Malgrado i significativi guadagni elettorali ottenuti dai conservatori nelle recenti elezioni del Parlamento europeo, le fazioni neoliberiste e di sinistra all’interno di Bruxelles si sono unite per sostenere la rielezione della politica tedesca Ursula von der Leyen a presidente della Commissione europea. Von der Leyen, stretta alleata della Merkel e figura prominente del globalismo, sembra destinata a guidare l’UE per un altro mandato nonostante le critiche sul suo operato riguardo il declino del welfare economico e l’erosione delle libertà individuali.
La decisione di sostenere un secondo mandato per von der Leyen è stata presa durante un accordo del Consiglio europeo, in cui sei negoziatori chiave hanno giocato un ruolo cruciale. Tra questi, il primo ministro greco Kyriakos Mitsotakis e il primo ministro polacco Donald Tusk per il Partito popolare europeo (PPE) di von der Leyen, i socialisti rappresentati dal cancelliere tedesco Olaf Scholz e dal primo ministro spagnolo Pedro Sánchez, e i neoliberisti rappresentati dal presidente francese Emmanuel Macron e dal primo ministro uscente olandese Mark Rutte.
Von der Leyen aveva precedentemente mostrato interesse a includere i Conservatori e Riformisti europei (ECR) guidati dal primo ministro italiano Giorgia Meloni in una coalizione, proposta che è stata però respinta dai socialisti e liberali.
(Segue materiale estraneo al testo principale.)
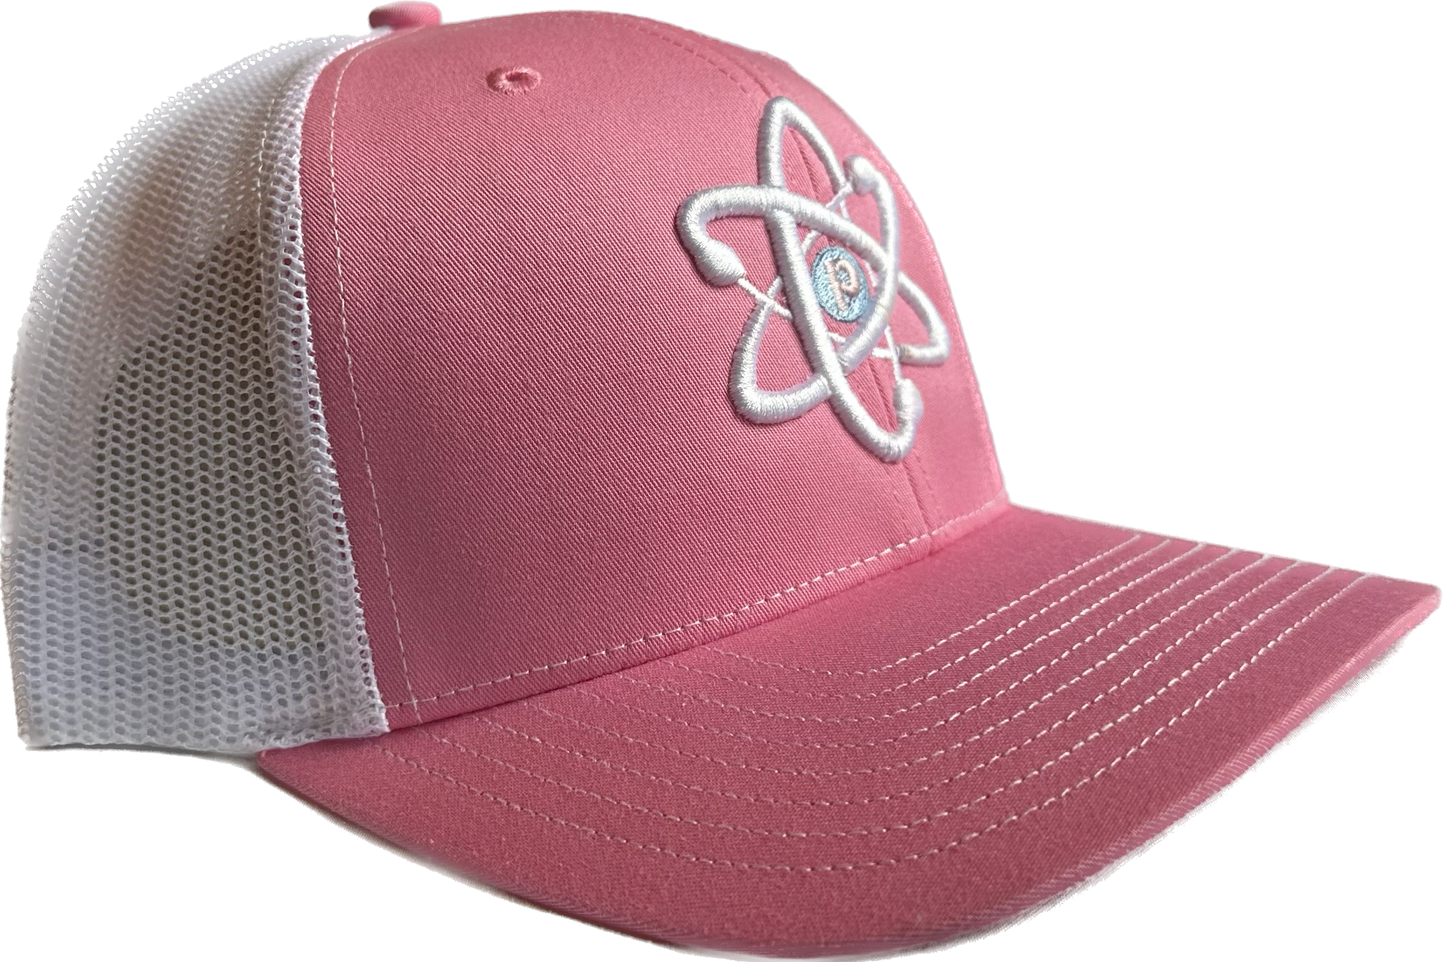 Atomic Snapback Hat

Essi hanno infatti richiesto l’esclusione della Meloni dai colloqui come condizione per sostenere la rielezione della von der Leyen.
Il primo ministro ungherese Viktor Orbán ha fortemente criticato questi negoziati chiusi, affermando che l’accordo a sostegno di von der Leyen è stato “fatto con la sinistra e i liberali” e va contro i principi fondanti dell’UE. Orbán ha sottolineato come “invece di inclusione, si semina il seme della divisione,” insistendo che i funzionari dell’UE dovrebbero rappresentare tutti gli Stati membri, non solo quelli di sinistra e liberali.
Sebbene l’alleanza di von der Leyen composta dal PPE, dai Socialisti e Democratici (S&D) e dal gruppo Renew (RE) guidato da Macron abbia subito perdite significative nelle elezioni, detiene ancora abbastanza voti per passare la nomina senza il sostegno di altri gruppi. Tuttavia, il margine di errore sarà ridotto: con 398 seggi in Parlamento e 361 voti necessari per l’approvazione, von der Leyen dovrà limitare le defezioni per superare i vertici.
“La semplice matematica… rende la situazione molto difficile per von der Leyen in questo momento,” ha osservato Jacob Moroza-Rasmussen, ex segretario generale del partito liberale ALDE e ora membro del gruppo di Macron al Parlamento europeo.
La carica di presidente della Commissione europea è estremamente significativa, poiché implica la guida di una vasta burocrazia e la rappresentanza dell’UE nei principali vertici internazionali. Von der Leyen, che ha ottenuto la posizione attraverso un accordo dietro le quinte raggiunto da Parigi e Berlino nel 2019, ha affrontato diverse critiche durante il suo primo mandato. Queste includono la gestione dei lockdown durante la pandemia di COVID-19, la crisi energetica europea seguita all’invasione russa dell’Ucraina e le sanzioni finanziarie imposte ai governi conservatori di Ungheria e Polonia.
Oltre alla rielezione di von der Leyen, l’alleanza liberale-sinistra ha anche deciso di sostenere l’ex primo ministro portoghese Antonio Costa come prossimo presidente del Consiglio UE, sostituendo il belga Charles Michel. Nonostante il crollo del governo di Costa a causa delle accuse di corruzione, l’alleanza ha scelto di portare avanti la sua candidatura.
Infine, il primo ministro estone Kaja Kallas è stata selezionata per prendere il posto del socialista spagnolo Josep Borrell come Alto Rappresentante per gli Affari Esteri e la Politica di Sicurezza. Anche Kallas ha affrontato polemiche in patria riguardanti i rapporti d’affari del marito in Russia.
In conclusione, nonostante l’onda populista nelle recenti elezioni, i partiti globalisti e centristi continuano a dominare l’UE, sostenendo figure come von der Leyen che rappresentano la continuità dell’agenda globalista. Tuttavia, il futuro della sua leadership e la stabilità dell’alleanza che la sostiene restano in bilico, con molte sfide politiche e critiche all’orizzonte.